For example, in a case included in the Supreme People's Court's 2024 Annual Report on Judicial Review of Commercial Arbitration3,Shandong Zhuo Co. and Weifang Bei Co. entered into a Lease Agreement in 2015, which provided: "For matters not covered herein, the parties shall resolve them through friendly consultation. If consultation fails, litigation may be initiated, and the court at the plaintiff's domicile shall have jurisdiction." In 2017, Shandong Zhuo Co., Weifang Bei Co., and Rui Co. entered into an Agreement on the Transfer of Contractual Rights and Obligations, which provided: "Any dispute arising in the performance of this agreement shall be resolved through consultation among the three parties. If consultation fails, any party may apply to the Yantai Arbitration Commission for arbitration." In 2024, Weifang Bei Co. applied to the people's court for a declaration that the arbitration clause was invalid, arguing that the two agreements were in substance part of the same lease relationship and that the dispute resolution clauses conflicted by providing for "either arbitration or litigation." The court held that the Lease Agreement and the Agreement on the Transfer of Contractual Rights and Obligations had different contracting parties and did not belong to the same contractual relationship. In the later tripartite agreement, the three parties had expressly agreed to an arbitration clause, manifested an intention to arbitrate, and designated a specific arbitral institution. The clause should therefore be recognized as valid, and the applicant's claim that the arbitration agreement was invalid could not stand.

The core logic reflected in this case is that, as part of a contract, an arbitration agreement binds only the parties who signed that agreement. Dispute resolution arrangements arising out of different legal relationships should be assessed independently. The fact that an earlier contract provides for litigation while a later contract provides for arbitration does not in itself create an "either arbitration or litigation" problem; rather, it reflects a new expression of intent by the parties in light of a changed legal relationship, and that expression of party autonomy should be respected.

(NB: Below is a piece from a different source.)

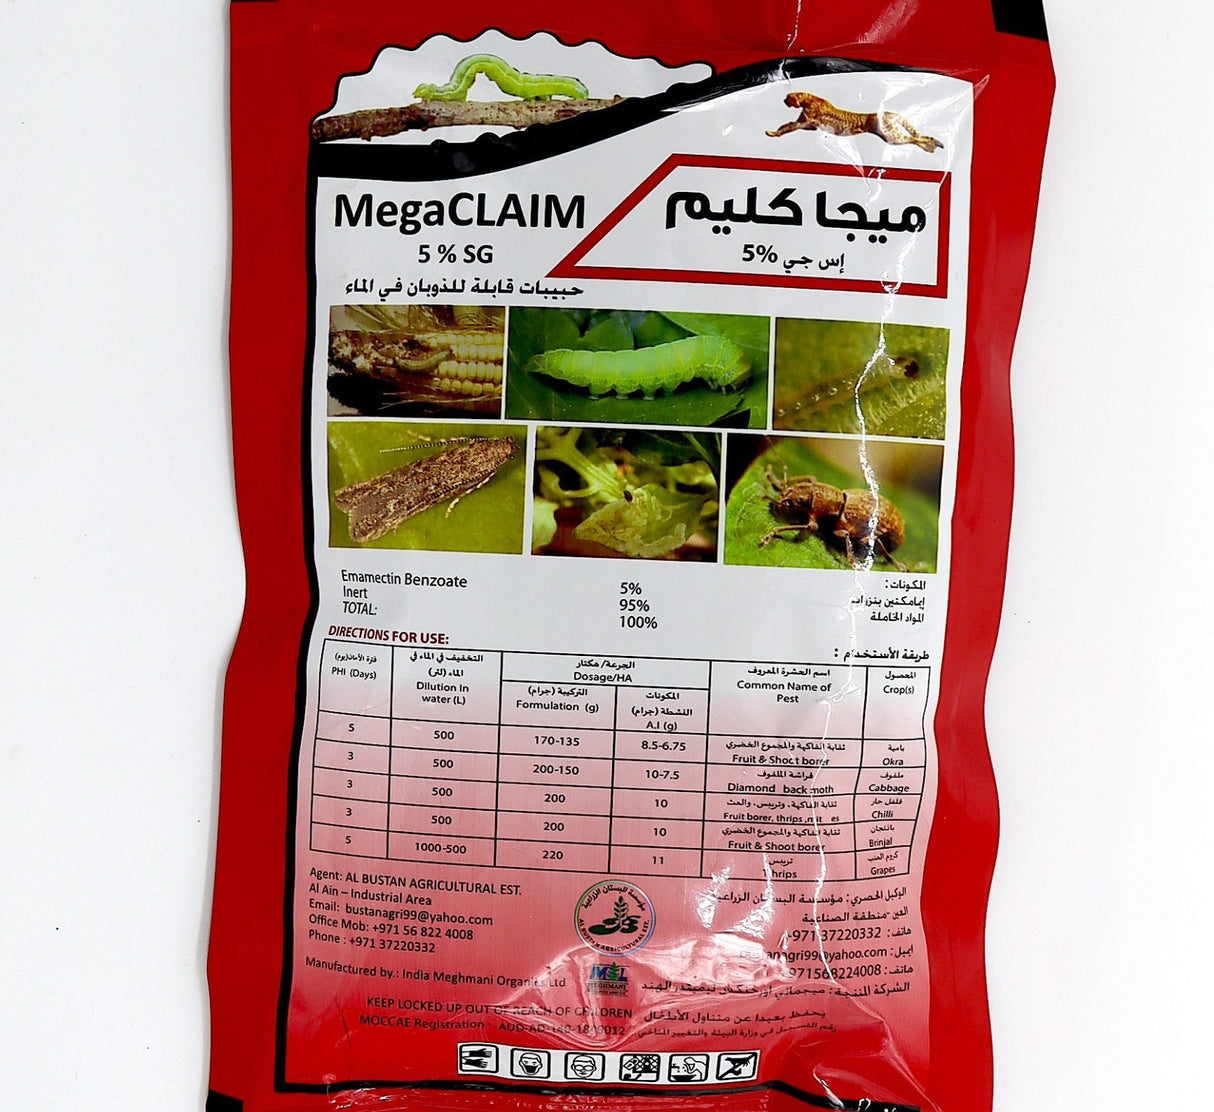 Mega CLAIM 5% SG "Agri Insecticide for Moths, Borer & Thrips"
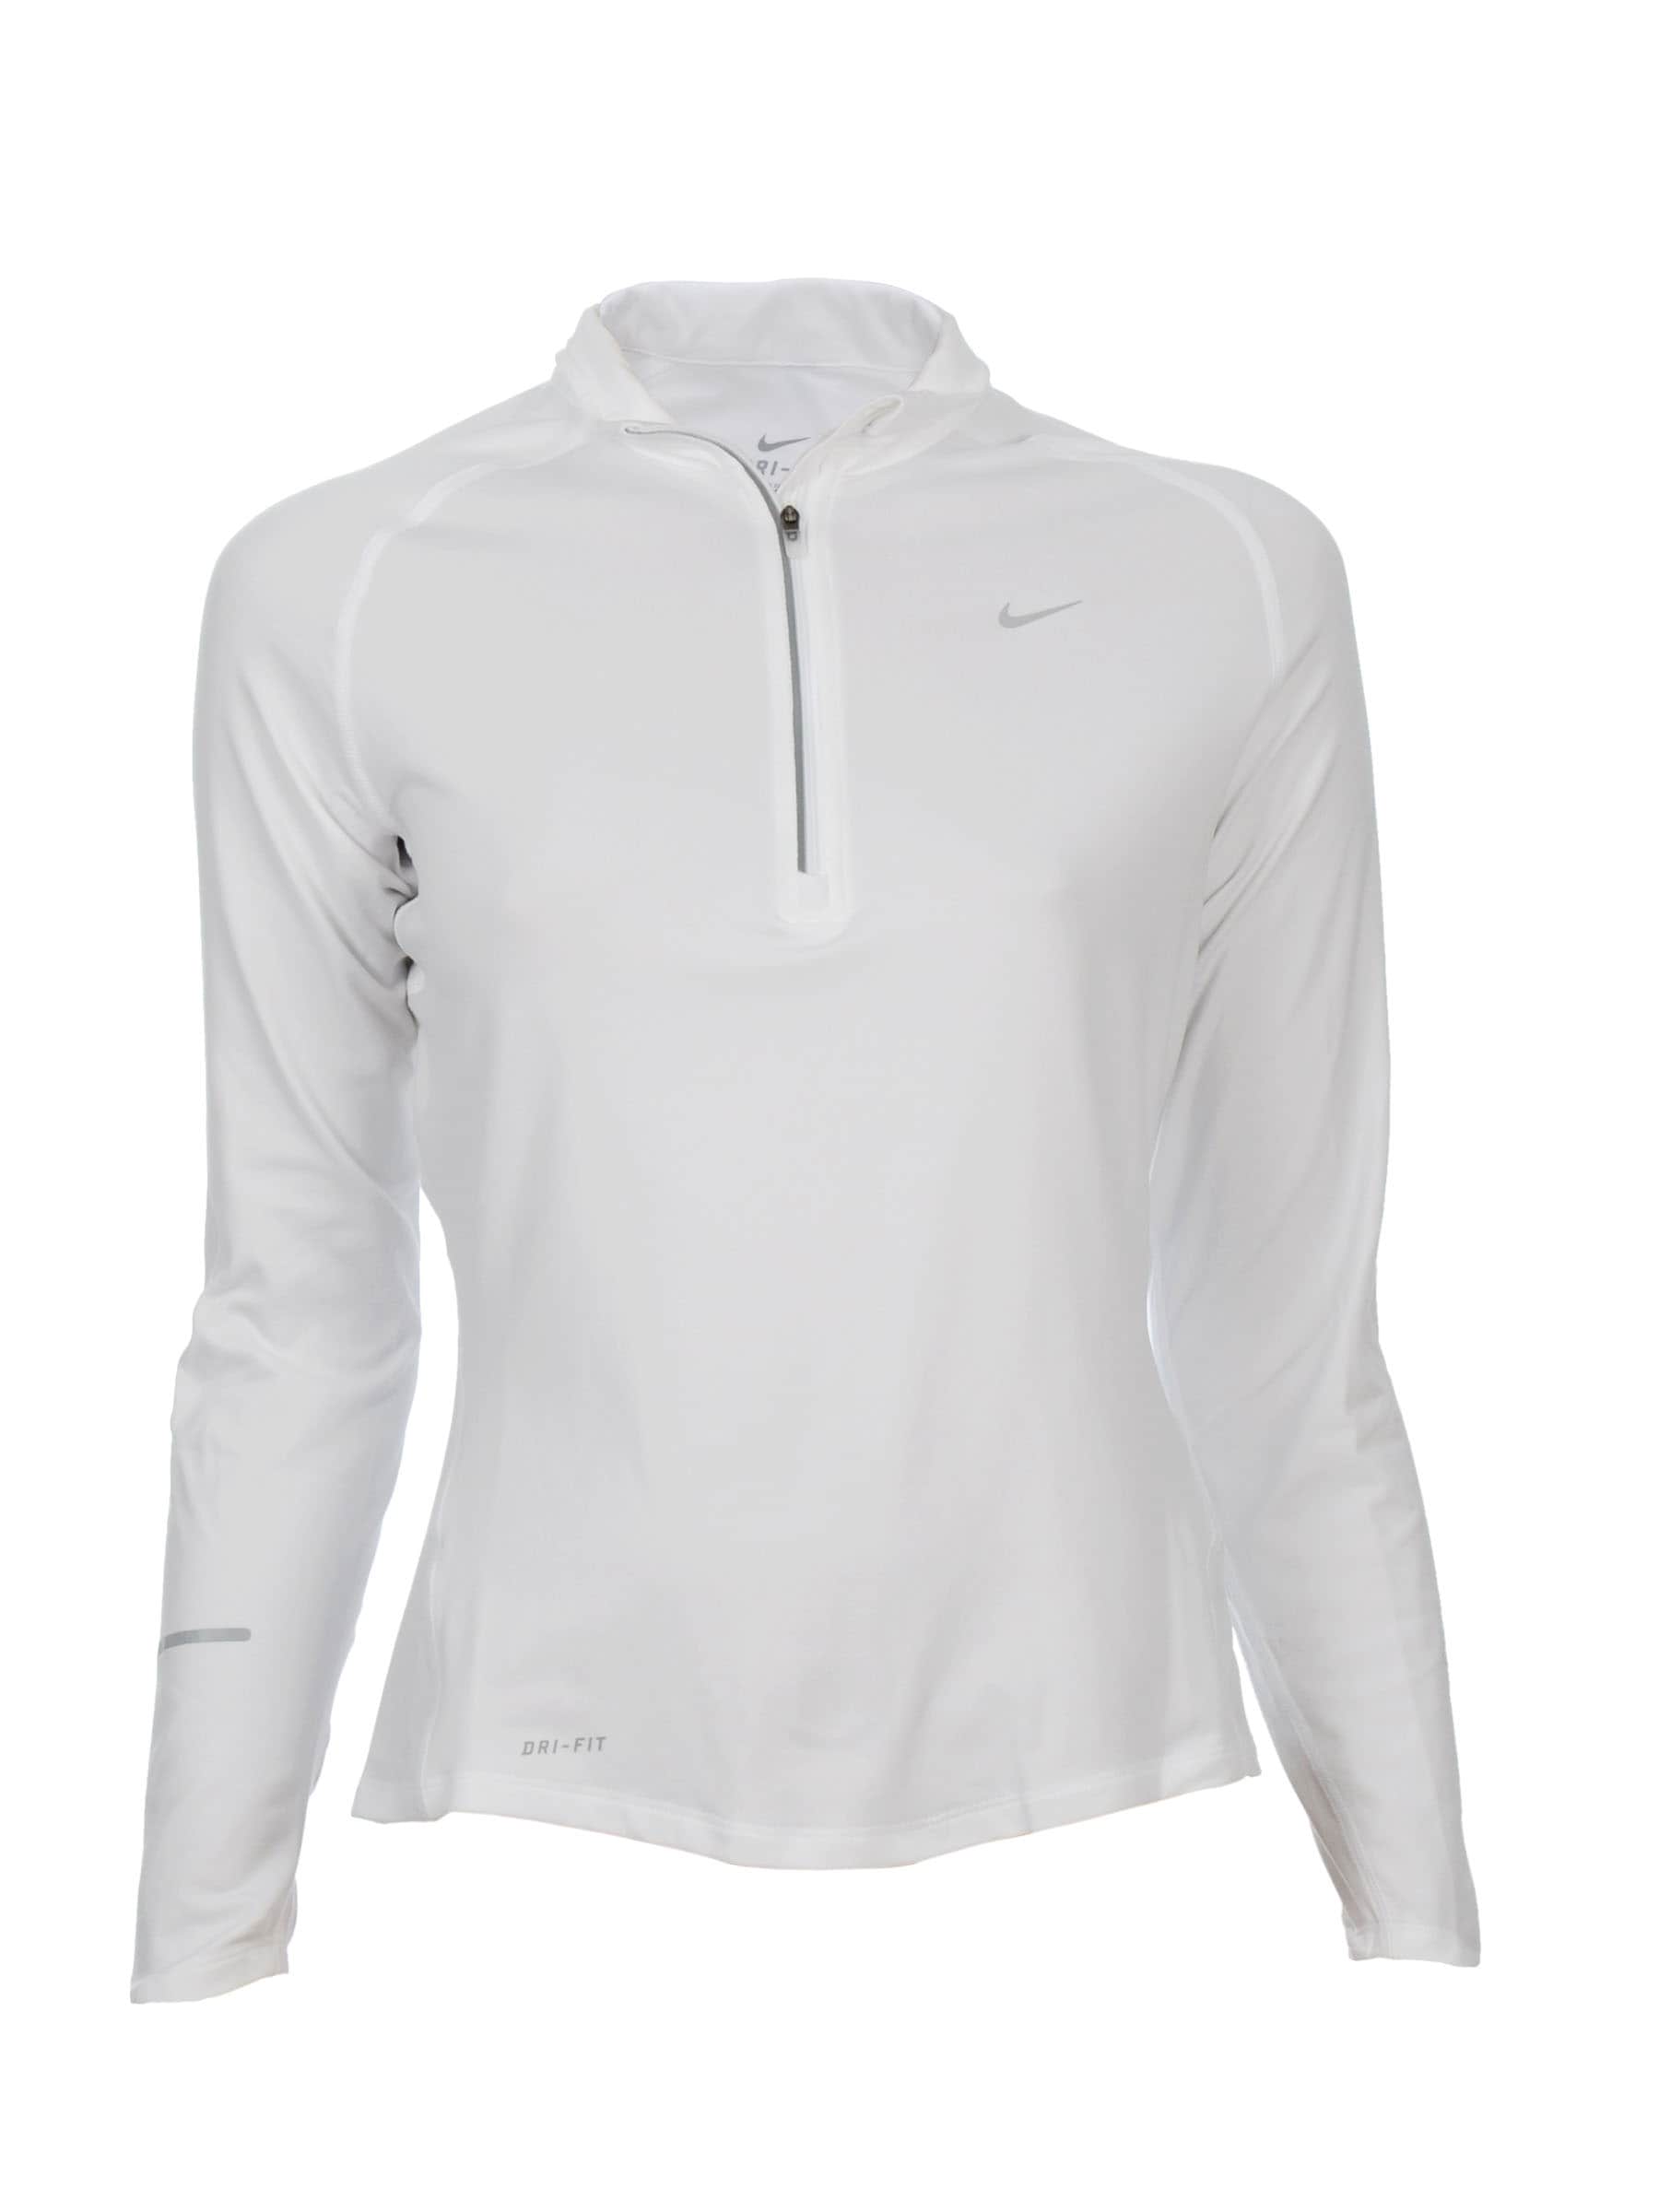 Nike Women As Nike Eleme White T-Shirt

2.Distinguishing Between Authorizing Dispute Resolution Clauses and Basic Dispute Resolution Clauses

Contracts often contain clauses authorizing third parties to exercise rights. In practice, such clauses commonly appear in arrangements involving multiple interested parties or successive transactions, such as beneficiaries under insurance contracts, end users in supply-chain contracts, and subcontractors in construction contracts. If such a clause further authorizes the third party to choose litigation or arbitration in the event of a dispute, courts may analyze it separately from the contract's basic dispute resolution clause. Because the third party is not itself a party to the underlying contractual relationship, the nature of such an "either arbitration or litigation" clause is that of an authorizing dispute resolution clause, which cannot bind the two contracting parties themselves.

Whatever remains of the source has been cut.